Bei diesem Beispiel schreibt die erste Zahl vor, dass man vier Sekunden exzentrisch arbeiten soll. Bei einer Kniebeuge wäre das also der Teil, in dem man den Körper absenkt. Zahl Nummer 2 sagt aus, dass am untersten Punkt der Bewegung keine Pause gemacht wird. Danach soll man innerhalb einer Sekunde die Beine wieder strecken und in die Ausgangsposition zurückkehren (Zahl Nummer 3 -> konzentrische Phase). Am oberen Umkehrpunkt wird wieder keine Pause gemacht (Zahl Nummer 4).

Vor allem in guten Krafttrainingsprogrammen erfahrener Trainer findet man Hinweise zur Bewegungsgeschwindigkeit, da hierdurch verschiedene Trainingseffekte erzielt werden können. So fokussiert zum Beispiel eine schnelle, explosive konzentrische Phase eher die Schnellkraft, eine langsame exzentrische Phase begünstigt wiederum die Hypertrophie, also das Wachstum der Muskulatur. Grundsätzlich trainiert man, auch ohne besonderen Wert auf die Bewegungsgeschwindigkeit zu legen, alle Komponenten der Kraft. Den Schwerpunkt kann man allerdings, wie bereits erwähnt, unterschiedlich legen. Gerade im Bodybuilding, Kraftdreikampf und Athletiktraining macht häufig die Gestaltung der Belastung im Training den Unterschied.

aerobis aeroSling push-up exercise sequence

Gehe ich zum Beispiel bei einem Liegestütz im Sling Trainer schnellstmöglich herunter bzw. senke meinen Körper sehr schnell ab, mache ich mir die Vordehnung, und damit den Muskelspindelreflex, zu gebrauch, um mehr Anfangskraft zu generieren. Allerdings ist hierbei vorausgesetzt, dass dem keine Pause am tiefsten Punkt und eine ebenso schnelle Aufwärtsbewegung folgt. Eine gute Möglichkeit, die Schnellkraft für zum Beispiel Boxer oder Sportler mit Wurf- oder Schlagbewegungen zu verbessern.

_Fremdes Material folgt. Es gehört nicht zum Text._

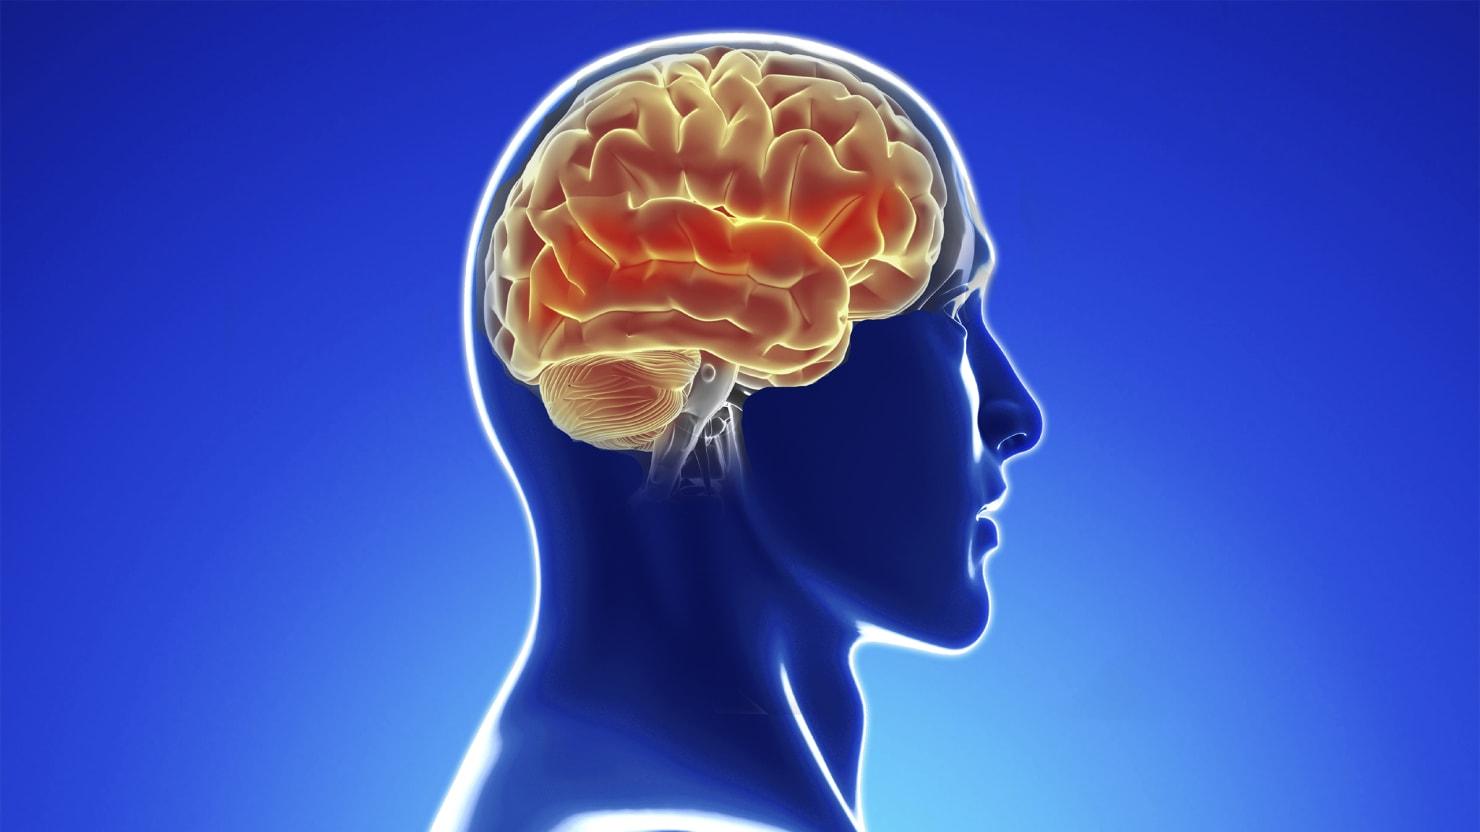 Pioneering Neuroscientists Breach the Blood-Brain Barrier

Eine Mögliche Kadenz wäre hierbei: 10X0.

Das ist auch für den Alltagsathleten eine tolle Progression (Steigerung) der Intensität, denn jede Wiederholung in moderater Geschwindigkeit zu machen ist wirklich irgendwann nicht mehr fordernd. Oder versuch doch mal etwas ganz Anderes: Bei Klimmzügen lässt Du Dich so langsam wie möglich herabsinken. Du wirst merken, dass Du insgesamt nur einen Bruchteil deiner üblichen Wiederholungszahl schaffst. Die Reize auf die Muskulatur sind allerdings enorm. Auf Dauer wirst Du noch mehr Kraft aufbauen und die Muskeln werden an Querschnitt gewinnen. Dieser Tipp ist nicht nur für Leute Gold wert, die Probleme haben, überhaupt einen Klimmzug zu schaffen. Aber solltest Du zu der nicht kleinen Gruppe derjenigen gehören, die mit dem ersten Klimmzug schon Probleme haben, dann arbeite erstmal nur an der exzentrischen Phase. Der Rest kommt fast wie von allein.

Probier’s aus und schreib deine Erfahrungen in die Kommentare. Was ist Dein bevorzugtes Timing?

Get functional,
euer Fabien!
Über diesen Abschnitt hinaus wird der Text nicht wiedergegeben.